2. The method of claim 1 , further comprising:
determining whether a particular type of topic model has been identified with respect to analyzing the first speaker transcript and the second speaker transcript; and
wherein selecting the first topic model and the second topic model comprises selecting the first topic model and the second topic model based on determining whether the particular type of topic model has been identified .
3. The method of claim 2 , further comprising:
determining that the particular type of topic model has been identified; and
wherein selecting the first topic model and the second topic model comprises:
selecting a first instance of the particular type of topic model as the first topic model; and
selecting a second instance of the particular type of topic model as the second topic model.

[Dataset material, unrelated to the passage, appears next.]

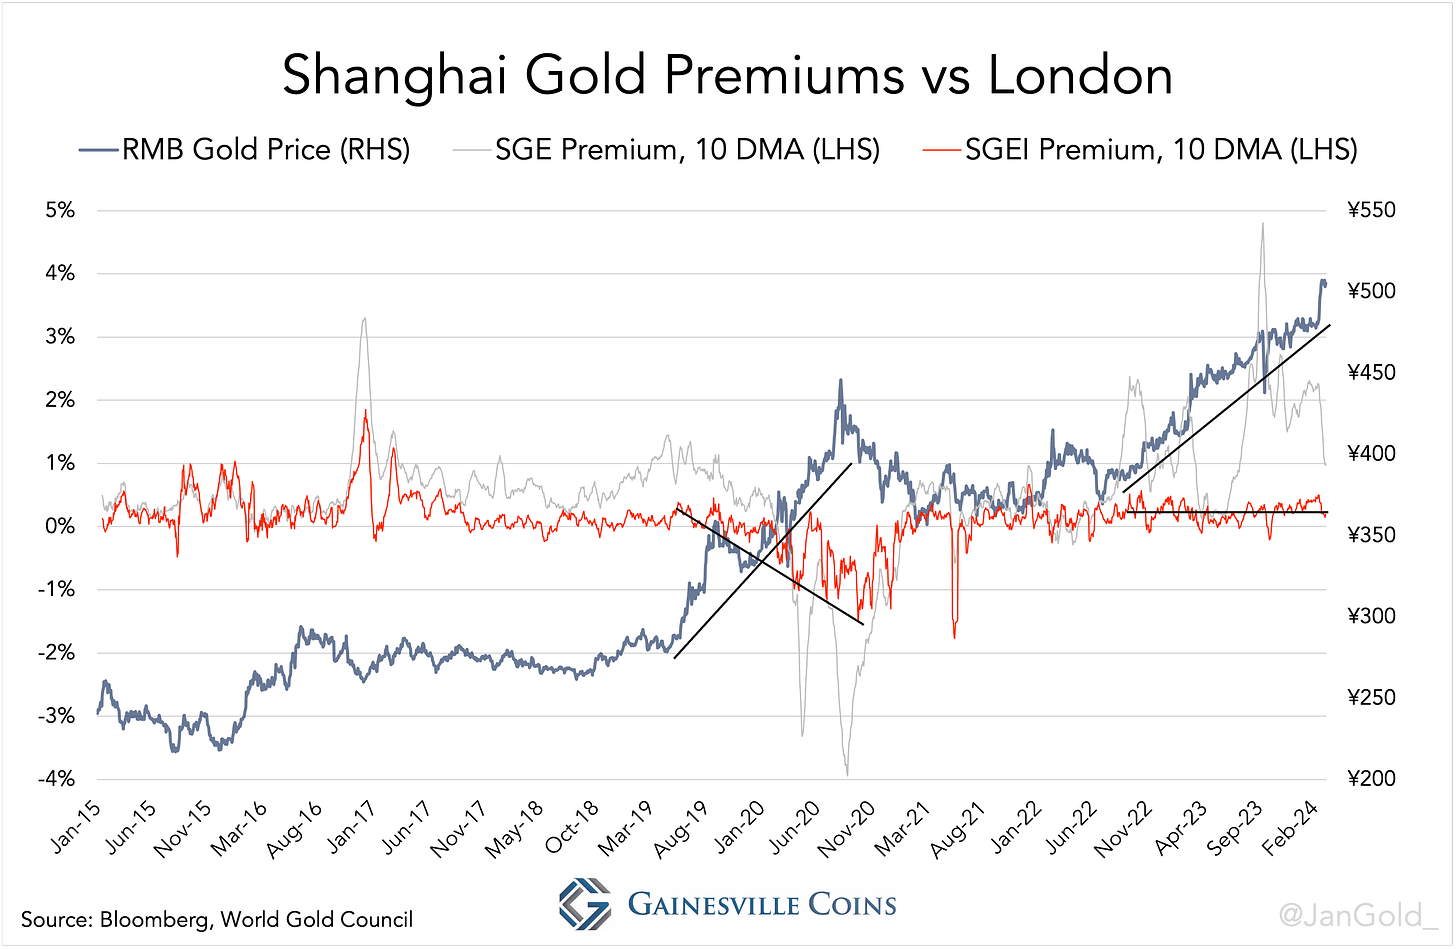 Shanghai Gold Premiums vs London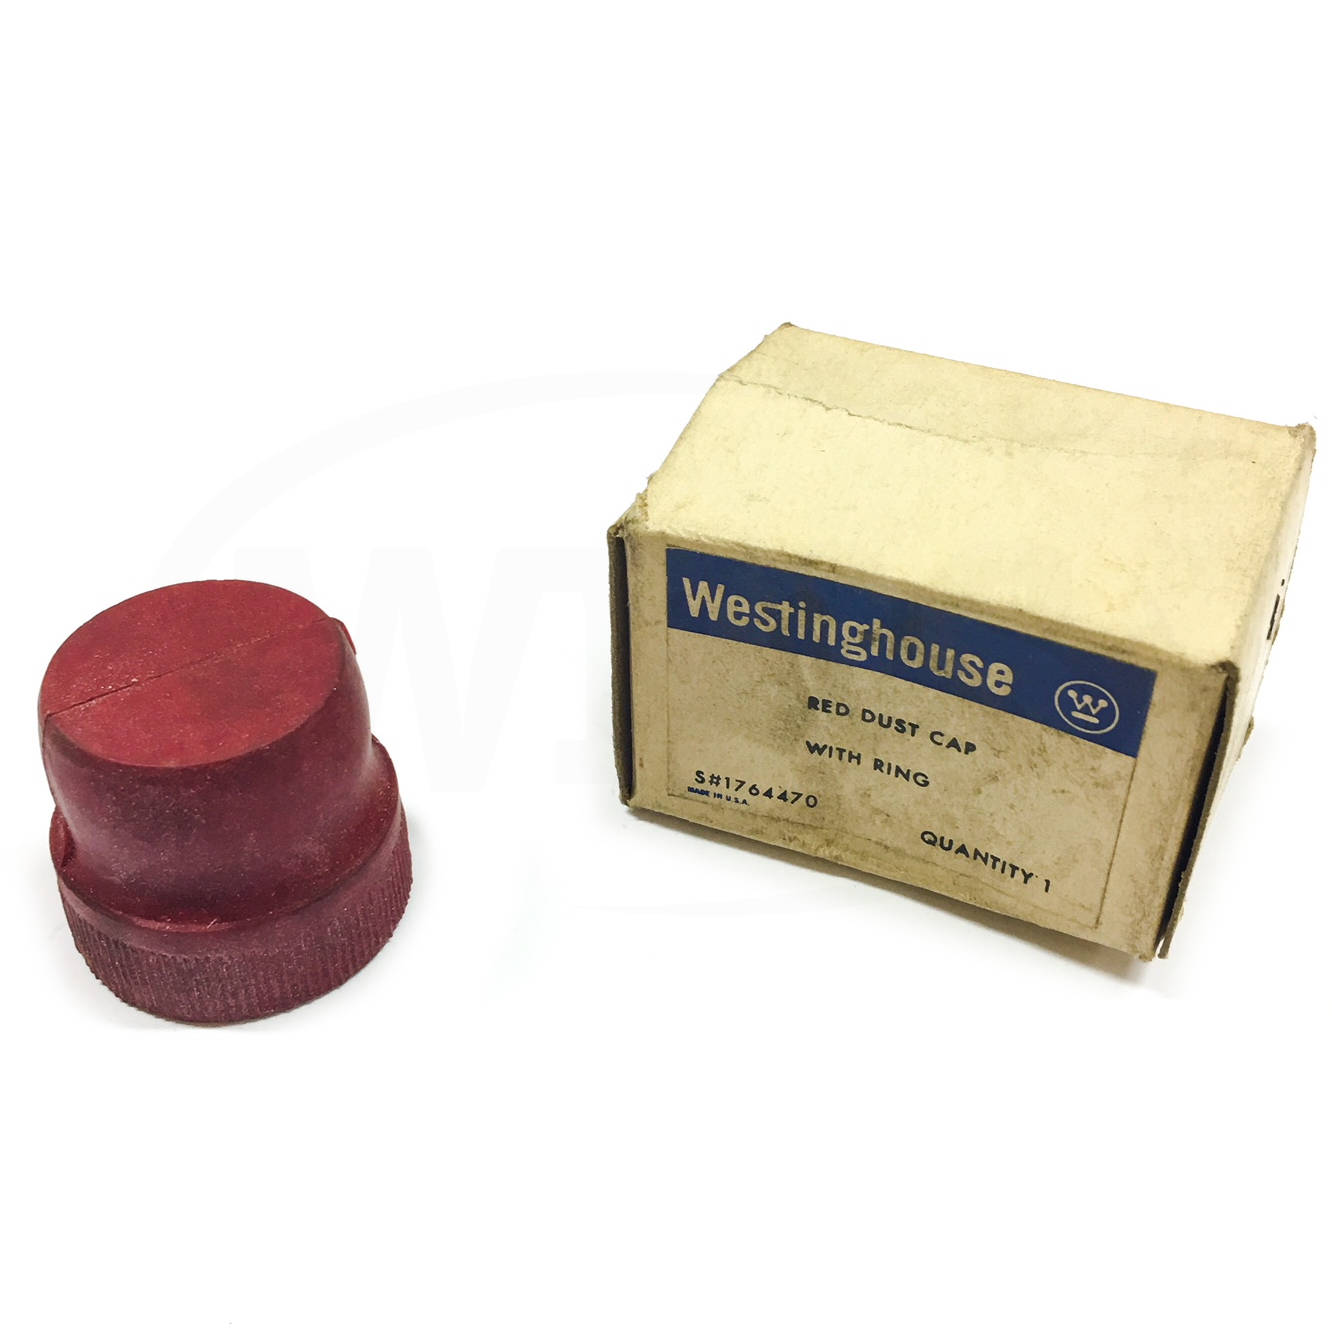 1764470 Westinghouse Red Dust Cap 1

4. The method of claim 1 , wherein causing the first topic model to identify the first set of key terms and the second topic model to identify the second set of key terms comprises:
generating a plurality of instances of a first type of topic model,
wherein the first topic model is an instance of the plurality of instances of the first type of topic model; and
causing the plurality of instances, of the first type of topic model, to identify a plurality of sets of key terms associated with the first speaker transcript,
wherein the first set of key terms is included in the plurality of sets of key terms.
5. The method of claim 4 , wherein causing the first topic model to identify the first set of key terms and the second topic model to identify the second set of key terms further comprises:
determining coherence values for the plurality of instances of the first type of topic model,
wherein the coherence values indicate a measure of similarity between the plurality of sets of key terms and terms included in the first speaker transcript, and
wherein the first set of key terms is identified based on the coherence value determined for the first topic model.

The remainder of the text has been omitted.